Training and Testing Datasets

Training and testing datasets were prepared at multiple levels: genomic domains, chromosome, and whole genome. The statistical models were constructed and evaluated separately at all levels for all possible combinations. In all applied tests the classifier has no prior information about the testing dataset. Both training and testing sets are constructed by random selection of the samples from the same cell line, or by training on a cell line and testing on another one. 3DEpiLoop uses the Random Forest classifier, a machine learning approach that uses multiple decision trees and voting for the final predictions37,38. We also applied different classifiers such as AdaBoost classification trees, neural networks, Support Vector Machines SVM, and Stochastic Gradient Boosting.
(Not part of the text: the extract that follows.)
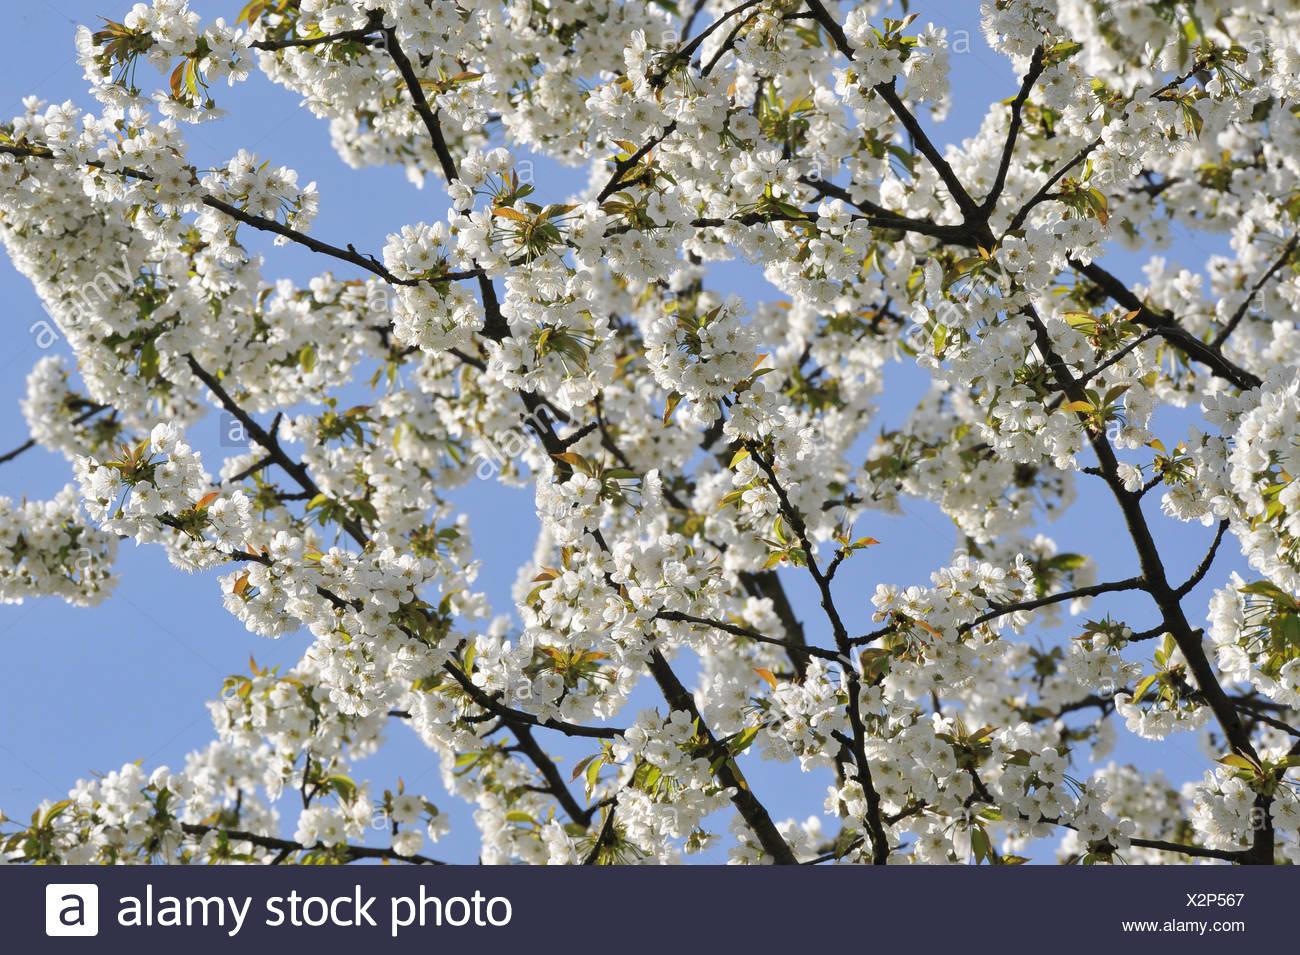 Tree, blossoms, flourishes, fruit-tree, white, cherry tree blossoms, prunus avium - Stock Image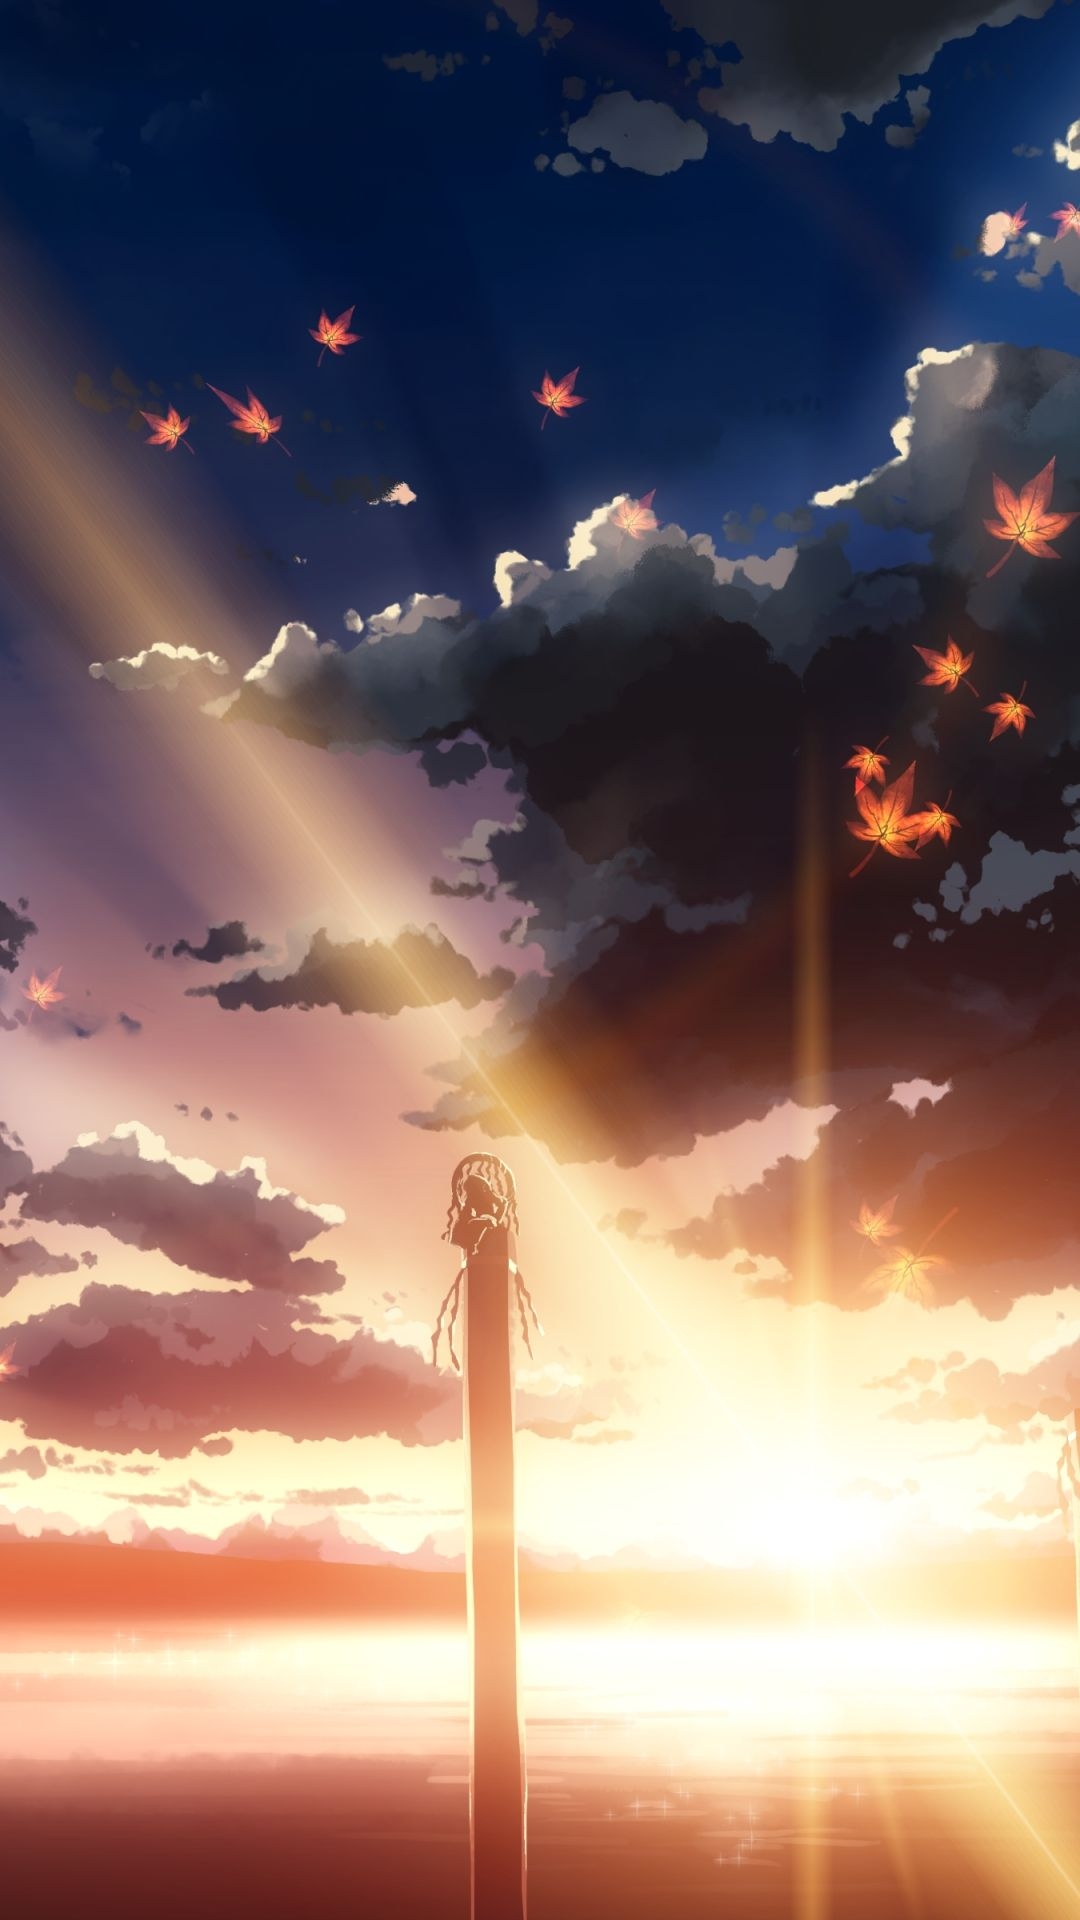 Sad Anime iPhone 6 wallpaper hd

All of these classifiers obtained very similar results with an exception for neural network (lower accuracy). The performance of the predictors was described by the accuracy, sensitivity (quality of the predictor when detecting the real interactions), specificity (quality of the predictor to detect the non-interacting pairs) and the area under the ROC curve (refers to the probability that the predictor will rank randomly chosen interacting pairs higher than randomly chosen non-interacting pairs)39. These measurements are calculated according to the confusion matrix elements (contingency table)40: We considered a prediction as True Positives when the left anchors of both pairs (prediction and validation) were overlapping, and the same for the right anchors. The prediction probability obtained by the Random Forest classifier was used to calculate the area under the ROC curve.